Ringversuche zu innenraumrelevanten Schimmelpilzen

Auf der Grundlage dieser Ergebnisse führt das Landesgesundheitsamt Baden-Württemberg im Auftrag des Umweltbundesamtes Ringversuche „Innenraumrelevante Schimmelpilze“ durch. Bis November 2005 wurden in halbjährlichem Abstand acht Ringversuche durchgeführt, an denen sich insgesamt 150 nationale und internationale Laboratorien beteiligten. Für eine erfolgreiche Teilnahme hat das Labor vier von sechs Reinkulturen innenraumrelevanter Pilze nach Gattung und Art richtig zu bestimmen. Die zusätzliche Bearbeitung realer Luft- und Hausstaubproben wird auf freiwilliger Basis angeboten. Bei erfolgreicher Teilnahme erhält das Labor ein Zertifikat, das ihm den Nachweis seiner Qualifikation erlaubt.

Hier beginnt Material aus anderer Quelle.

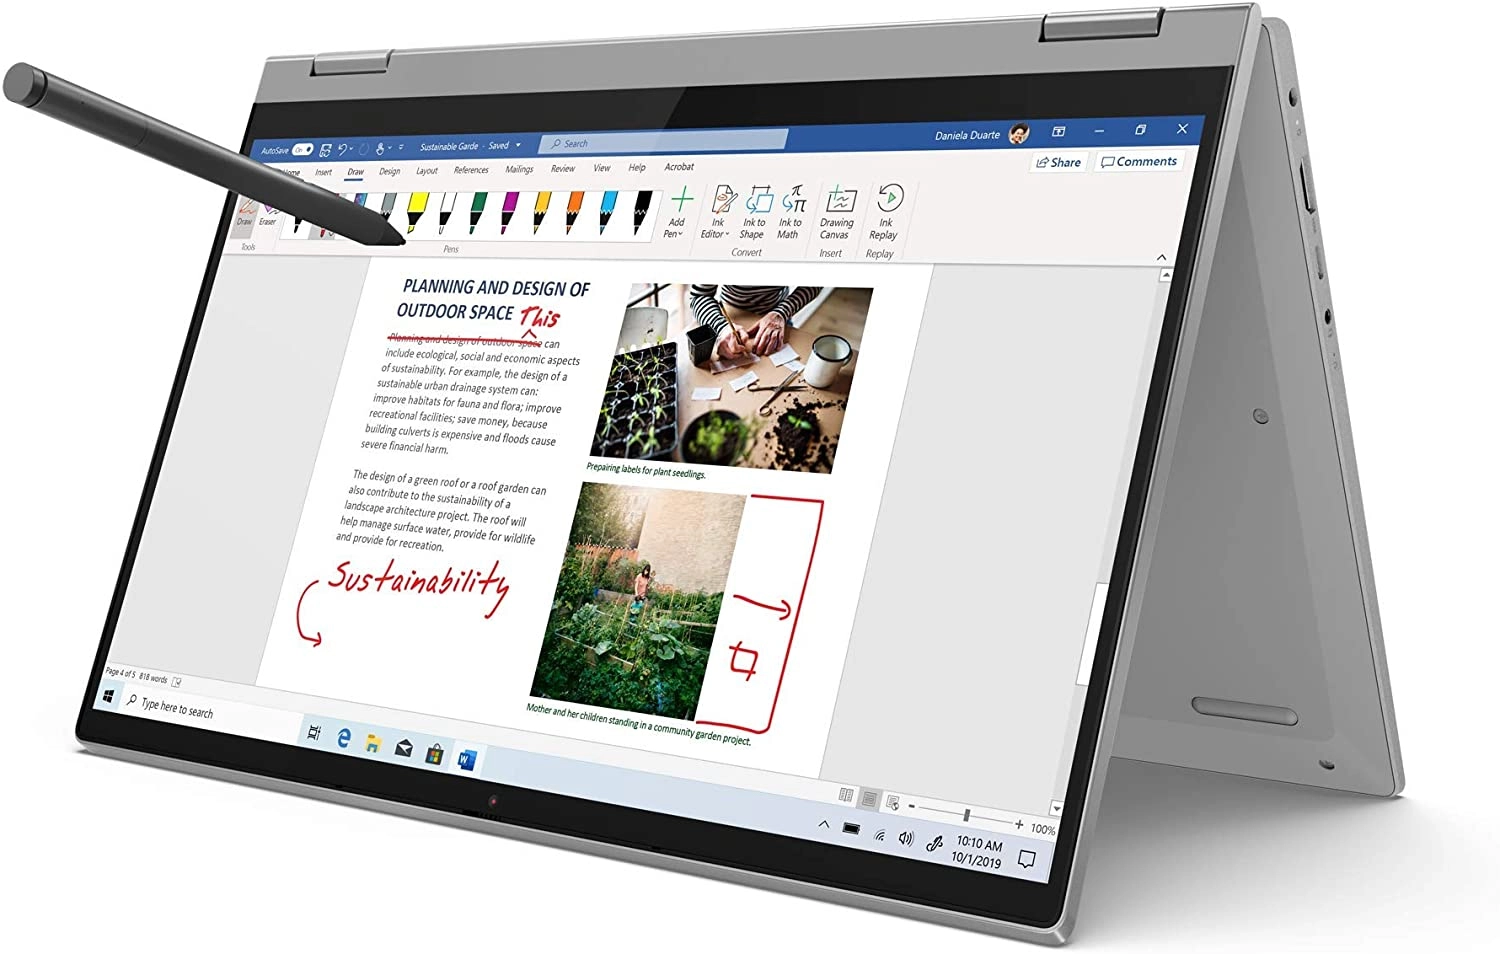 Lenovo IdeaPad Flex 5 14ITL05 laptop image

Die Auswertung der bisherigen Ringversuche zeigt deutlich, dass mehrfach an den Ringversuchen teilnehmende Labore deutlich bessere Ergebnisse erzielten. Ringversuche sind daher ein gutes Mittel, um die Qualität der umweltanalytisch tätigen Labore zu erhöhen. Sie zeigen auch den bestehenden Fortbildungsbedarf, besonders für die korrekte Bestimmung der Arten bestimmter Schimmelpilzgattungen.

Die Durchführung der Ringversuche soll in Zukunft weiter internationalisiert und die Weiterbildungs- und Informationsmöglichkeiten sollen ausgebaut werden.

Die Untersuchungsergebnisse des Forschungsprojekts „Standardisierung von Nachweismethoden für Schimmelpilze im Innenraum zur Vorbereitung von bundesweiten Ringversuchen“ sind im Bundesgesundheitsblatt, Band 48, Nr.1 (2005), S. 3-11 und 21-28 veröffentlicht.